Para apoyar sus puntos de vista, Backus invocó a sus predecesores congregacionalistas: “Dado que la venida de Cristo es solo congregacional, por lo tanto, no es ni nacional, ni provincial, ni clásica”. Históricamente hablando, fue pequeño el salto del sistema congregacional al bautismo de creyentes. Citando la Plataforma de Cambridge de 1648, que registró el gobierno congregacional en las colonias en respuesta al presbiterianismo de la Asamblea de Westminster (1643–1652), Backus declaró: “La materia de una iglesia visible son los santos por vocación”.
En menor grado, incluso Backus llevaba en su pensamiento las mismas tensiones entre Iglesia y Estado que atormentaban a sus ancestros congregacionalistas. Si bien denunciaba la idea de una iglesia estatal en Massachusetts, Backus insistía en que “ningún hombre puede ocupar un escaño en nuestra legislatura hasta que declare solemnemente: ‘Creo en la religión cristiana y tengo una firme convicción de su verdad’”.
Siempre hubo un poco del dilema puritano en los primeros bautistas estadounidenses (uno podría argumentar que este dilema continúa hasta hoy). Sin embargo, los argumentos más sólidos de Backus a favor de la distinción entre Iglesia y Estado, y de la naturaleza de la iglesia como nacida de nuevo, no fueron tomados de otros bautistas, sino de congregacionalistas.

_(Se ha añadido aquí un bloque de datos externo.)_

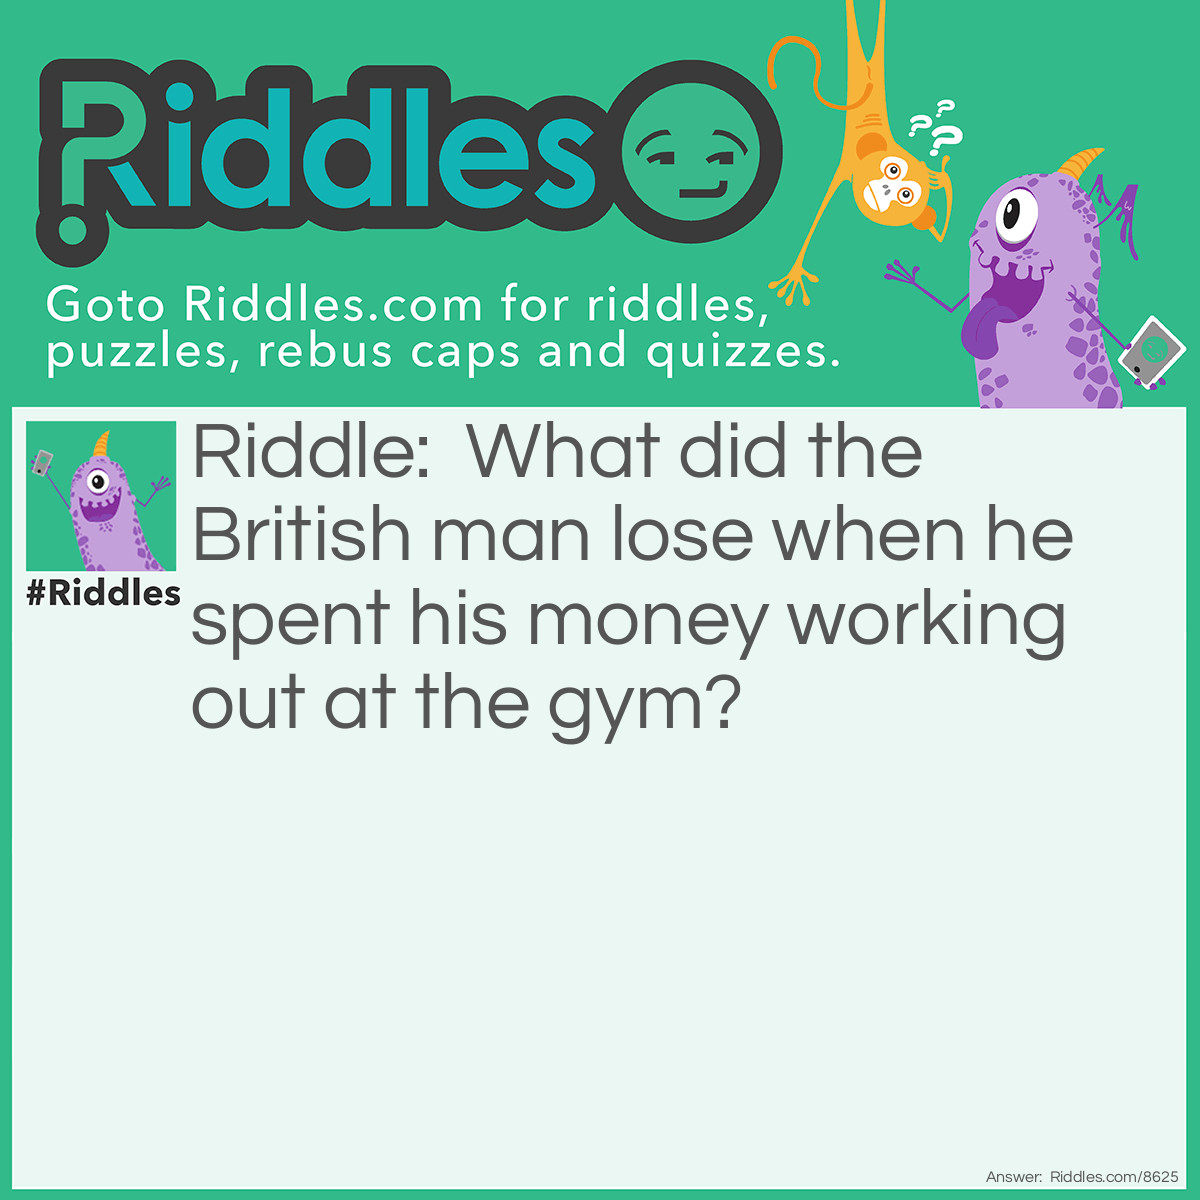 Riddle: What did the British man lose when he spent his money working out at the gym? Answer: Pounds.

La visión de John Owen sobre el Nuevo Pacto
Increíblemente, cuando en 1768 Isaac Backus argumentó a favor de los bautistas separatistas en A Fish Caught in His Own Net (en español, Un pez atrapado en su propia red), no mencionó a Roger Williams. De hecho, hubo más referencias a los congregacionalistas John Cotton, Increase Mather y Cotton Mather que al estimado teólogo bautista John Gill, contemporáneo y cercano a él. Después de todo, ¿qué podría ilustrar mejor la separación de la iglesia que la tradición teológica de aquellos comprometidos a ser “santos visibles”?
En su tratado, Backus citó varias obras del teólogo congregacionalista Jonathan Edwards: Some Thoughts Concerning the Present Revival of Religion in New England (en español, Algunas reflexiones sobre el actual avivamiento de la religión en Nueva Inglaterra), publicado en 1742; su sermón de despedida en Northampton (1750) y su Libertad de la voluntad (1754), calificado por Backus como “irrefutable” en su argumentación. Aun así, a pesar de su admiración por “nuestro excelente Edwards”, obtuvo la mayoría de sus textos de apoyo de una eminencia congregacionalista aún más reconocida: John Owen (1616–1683). Habiendo citado a este “erudito y renombrado autor” más de una docena de veces, Backus creía que Owen, el teólogo congregacionalista más destacado de su siglo, había presentado la defensa más convincente para una iglesia bautista.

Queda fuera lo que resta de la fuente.